On Thirst, Ginnane and director Rod Hardy contribute a mostly dry commentary track, albeit with a few interesting tidbits, like Hardy (the admitted second choice to direct) believing the script was a spoof when he first read it. There’s also this funny exchange between Hardy and Ginnane: “How much was the budget?” “750,000 Australian dollars.” “How much did I get to make the movie with?” For Dead Kids, the practical reason for the multiple commentary tracks is that co-writer/director Michael Laughlin wasn’t able to make a flight from Kauai, so his track is done via Skype with an interviewer on the other end. Much better is the commentary track with co-writer Bill Condon and two of the actors, Dan Shor and Dey Young, thanks mainly to Condon’s unbridled enthusiasm for revisiting the film that helped launch his career. Condon was getting ready to enter UCLA Film School when an article he wrote for a film magazine captured Laughlin’s attention and the two wound up making the movie together.
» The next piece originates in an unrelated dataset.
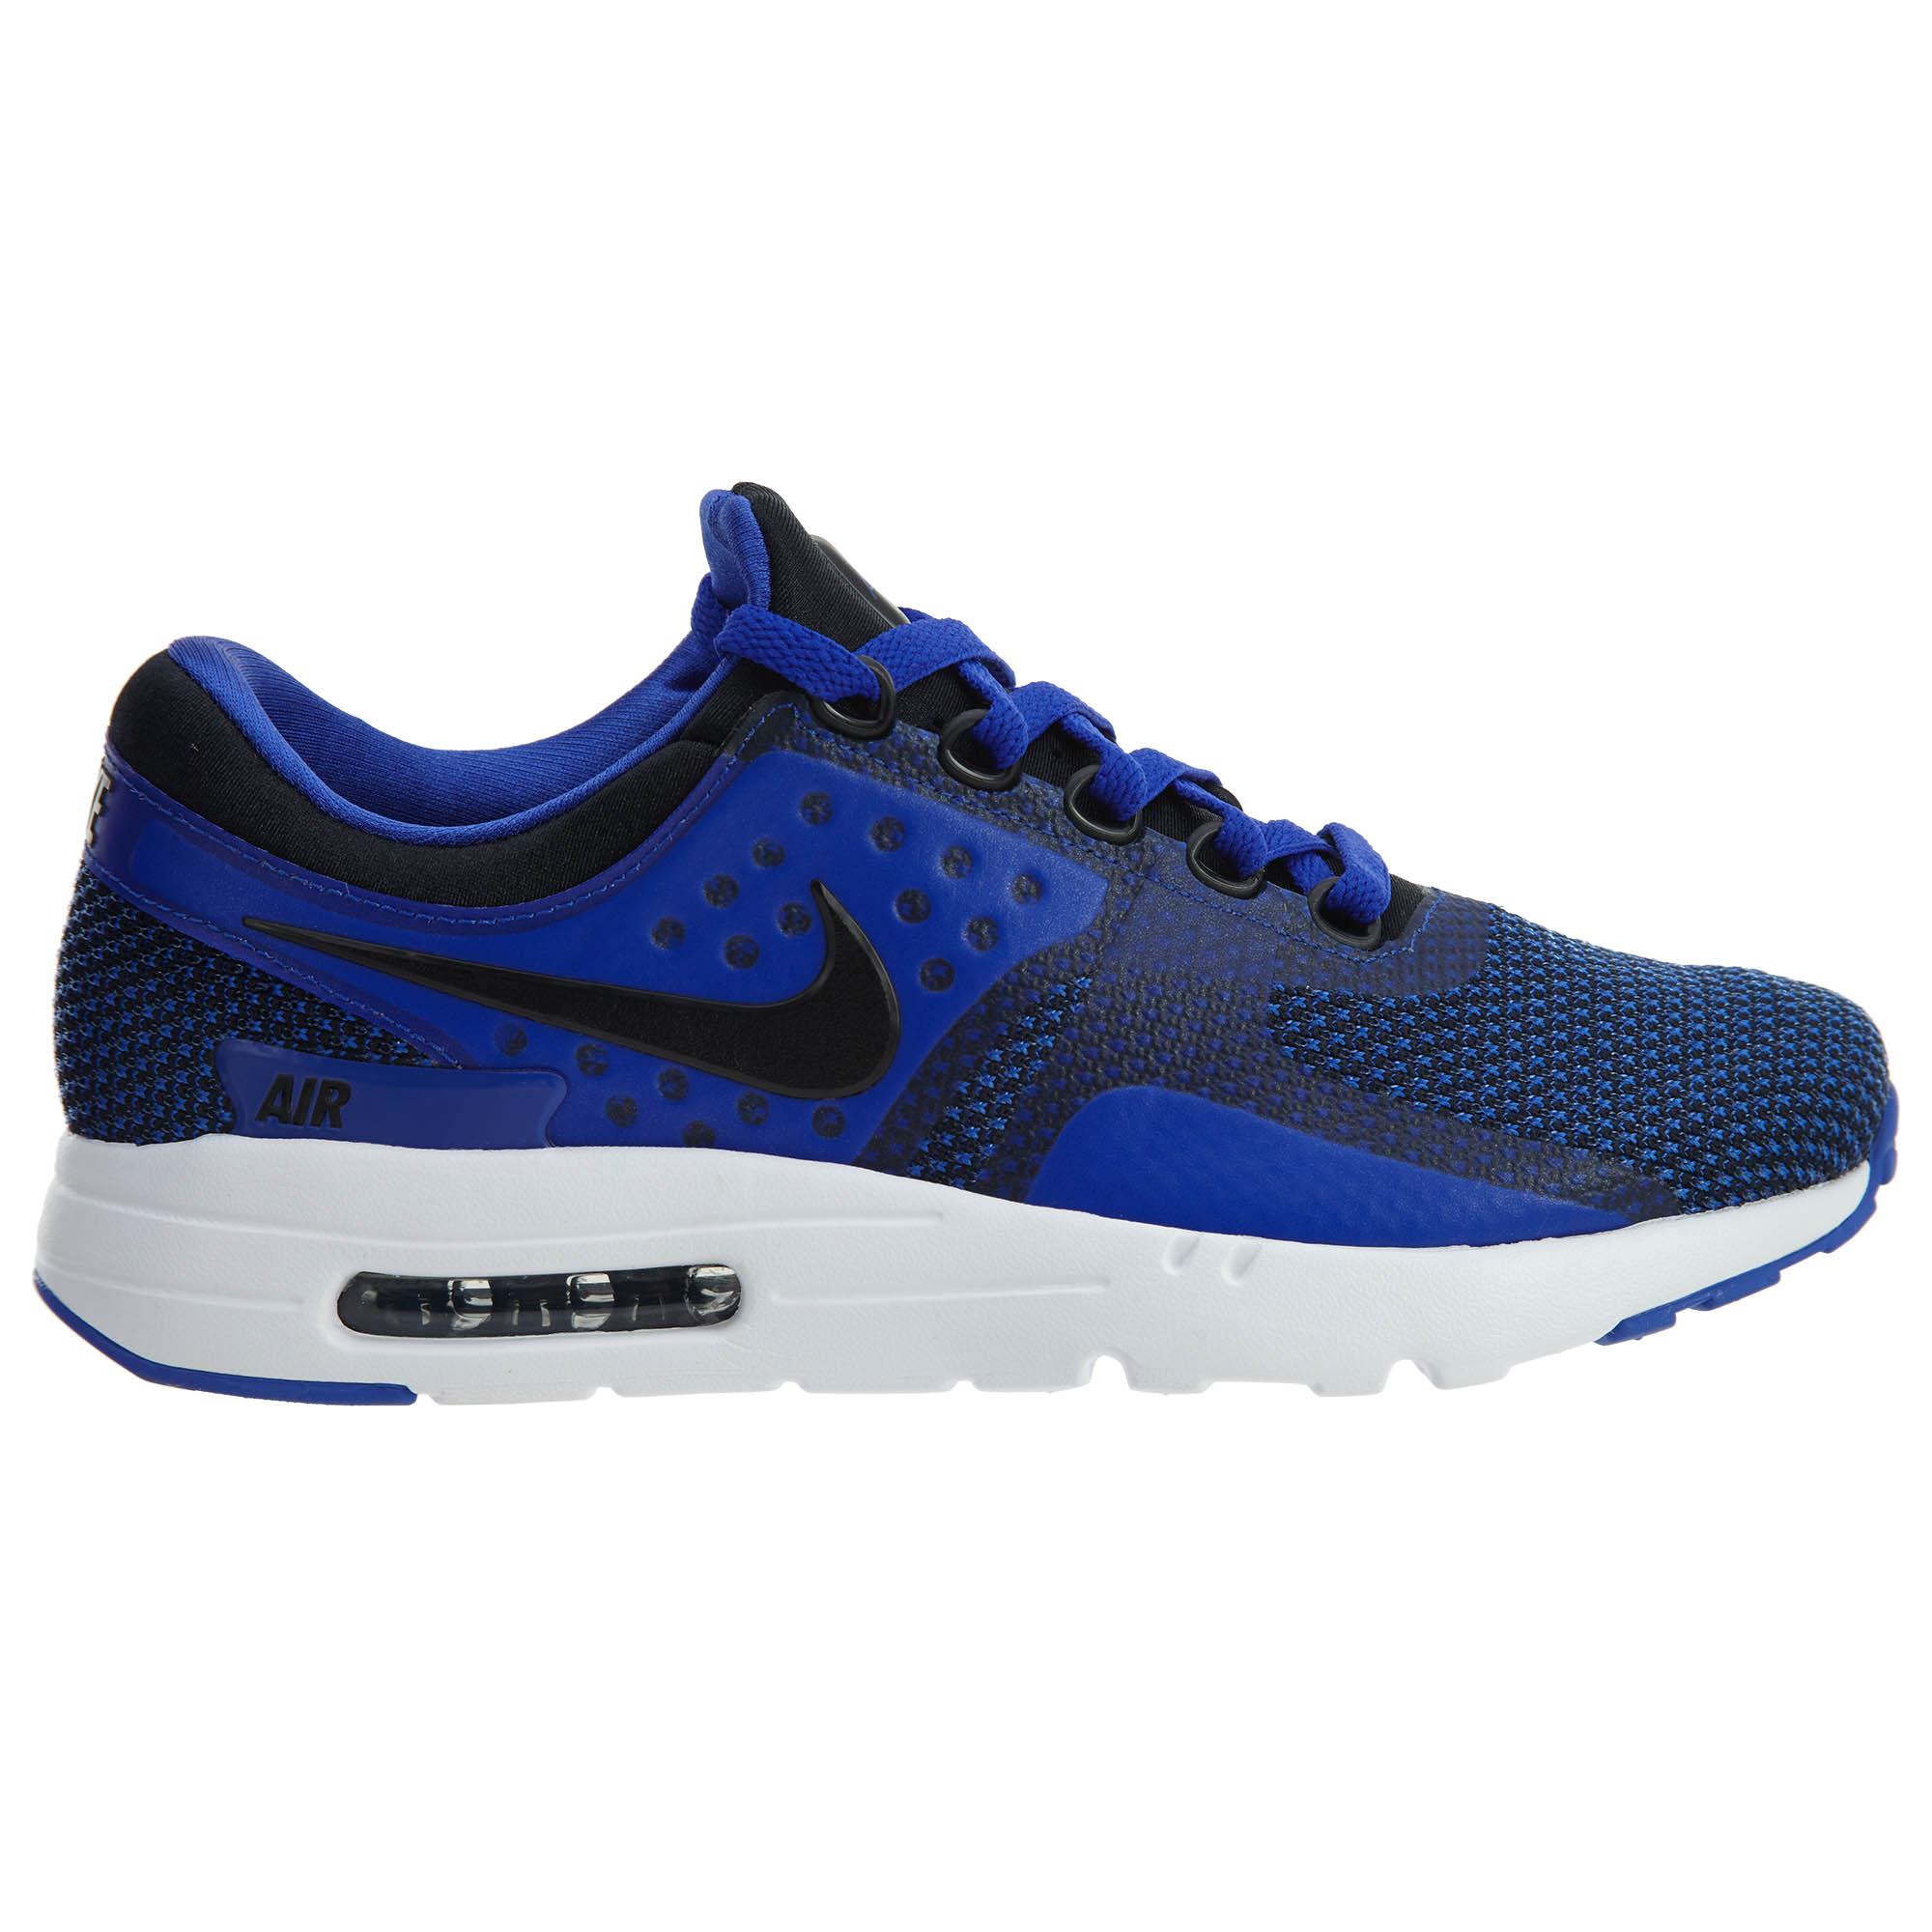 Nike Air Max Zero Essential Black/Black/Paramount Blue
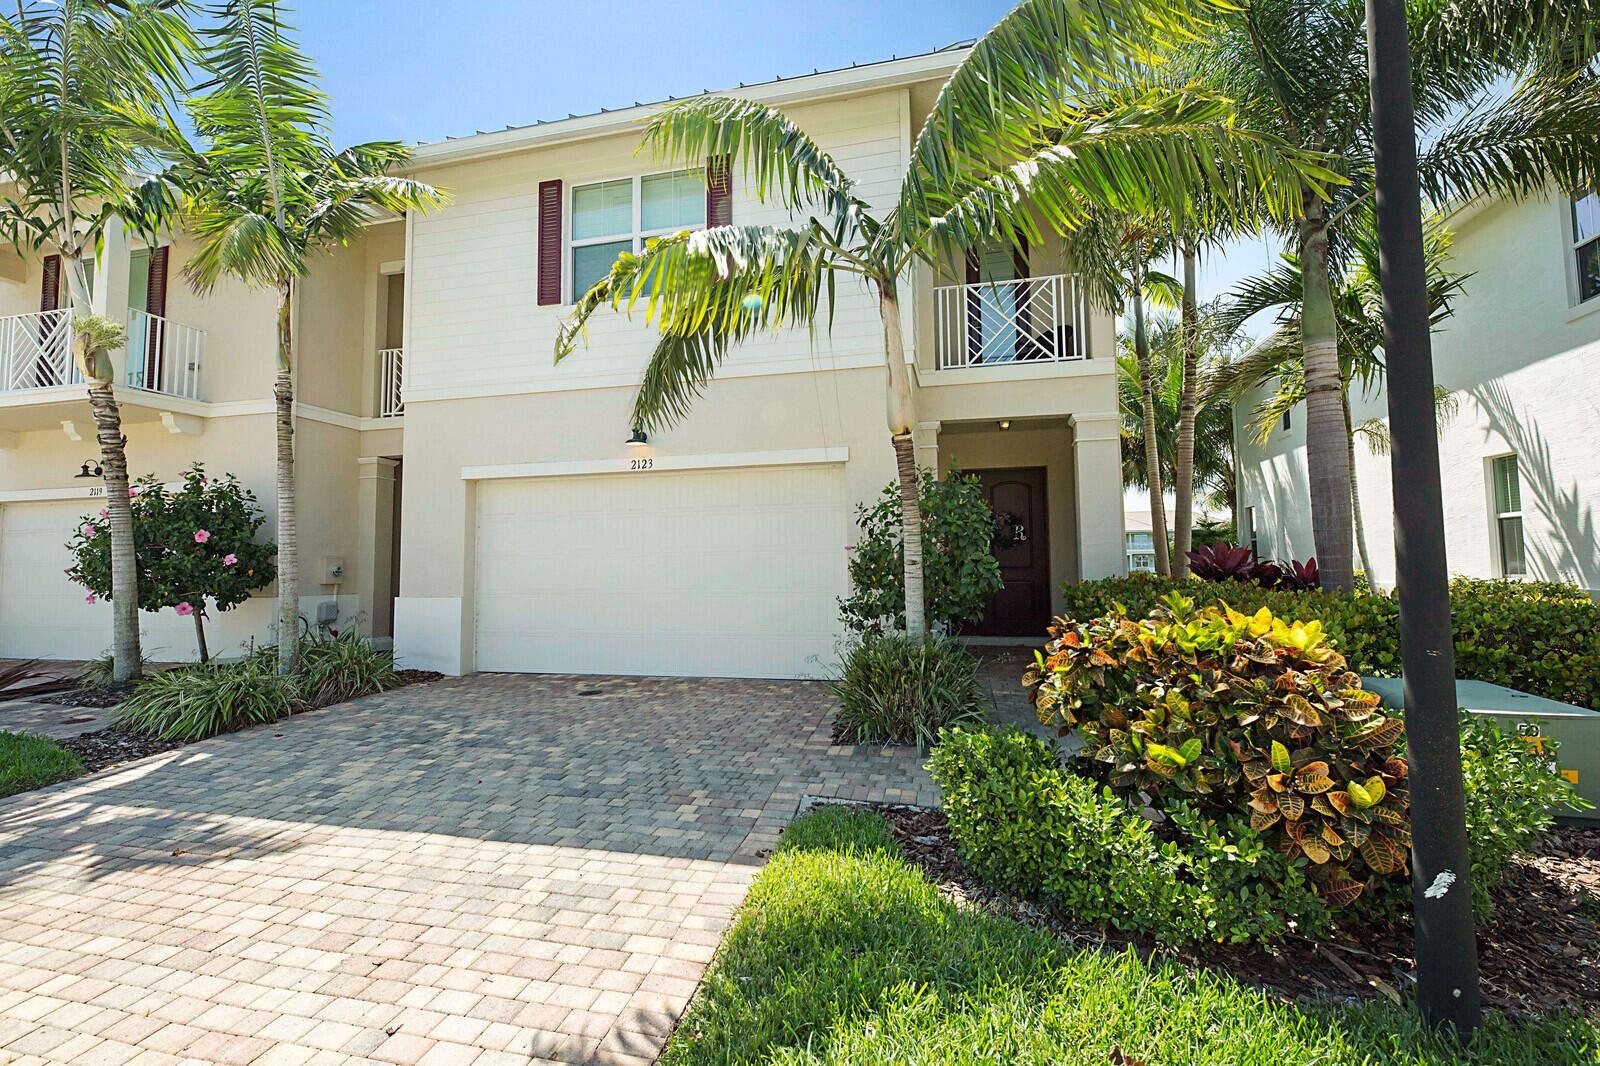 Photo of 2123 Wells Place, Palm Beach Gardens, FL 33418 (MLS # RX-10709165)

Among the insights on the track is Condon’s mention of the surprisingly positive reviews for the film, most likely because critics wary of the grim slasher-movie trend were pleased by its sense of humor. The Dead Kids disc also includes an isolated track for Tangerine Dream’s music score and a 20-minute interview with make-up effects artist Craig Reardon. A selection of trailers and/or TV spots are on there, too.